Frontex mette a bando un servizio di traghetti per riportare i migranti in Turchia

Le nave belga Godetia all'interno dell'operazione Triton che vede la partecipazione anche degli assetti navali di Frontex © Commissione europea

A metà maggio l’Agenzia europea ha indetto una gara da due milioni di euro per un servizio di “trasferimento” via mare dalla Grecia di minimo 100 persone alla volta in forza del patto tra Ue e Turchia del 2016. Una fase inedita che segna l’avvio di respingimenti alla luce del sole e ignora le gravi e documentate violazioni dei diritti

A metà maggio di quest’anno l’Agenzia europea Frontex ha pubblicato un bando dal valore di due milioni di euro per organizzare il trasferimento di “passeggeri via mare”, almeno 100 per volta, dall’isola greca di Lesbo alla località di Dikili, sulle coste turche. La documentazione di gara consultata da Altreconomia segna l’inizio di una nuova fase alla luce del sole per la “strategia” di respingimento dei migranti verso la Turchia, a pochi giorni dalla rielezione del presidente turco Recep Tayyip Erdoğan e dagli inquietanti video pubblicati dal New York Times sulle brutali modalità di respingimento della Guardia costiera greca.

È in questo contesto dunque che Frontex è pronta a prendere direttamente in mano la questione, assumendo un ruolo centrale nell’ambito del cosiddetto accordo Ue-Turchia del marzo 2016 sotto il quale “formalmente” dovrebbe rientrare questa nuova attività. “L’Agenzia avrà il monopolio della gestione di queste operazioni assumendo un ruolo che, in questi termini, non ha mai avuto in passato”, spiega Martina Tazzioli, ricercatrice al Goldsmiths College di Londra.

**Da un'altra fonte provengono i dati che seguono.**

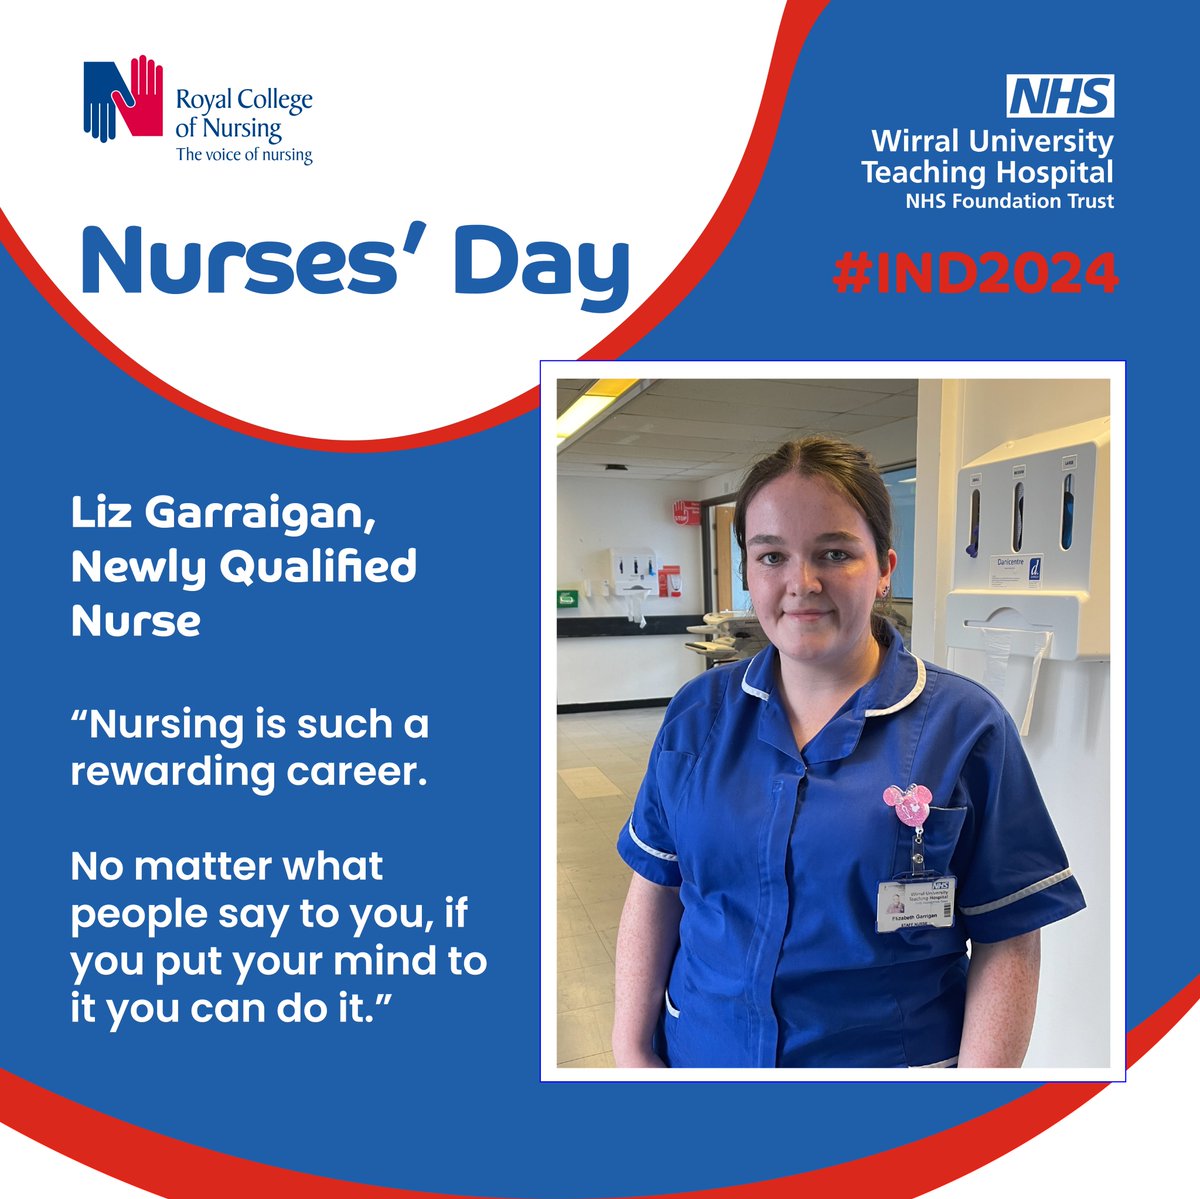 Join our nursing team! 🌟 If you’re passionate about patient care and making a difference, consider a rewarding career in nursing. Liz Garraigan, a newly qualified nurse, shares her inspiring journey. 💙👩‍⚕️ #NursingRecruitment #HealthcareHeroes #IND2024 #OurNursesOurFuture @WHHNHS

Le operazioni sono parte del meccanismo “1:1” previsto dall’intesa da sei miliardi di euro annunciata tra le istituzioni comunitarie (Consiglio europeo) e il governo di Ankara nel marzo 2016. Con l’obiettivo dichiarato di scoraggiare le persone ad affidarsi ai trafficanti, lo schema prevedeva che per ogni migrante giunto “irregolarmente” in Grecia e perciò respinto in Turchia, un altro sarebbe dovuto essere ricollocato tramite vie legali in un Paese europeo.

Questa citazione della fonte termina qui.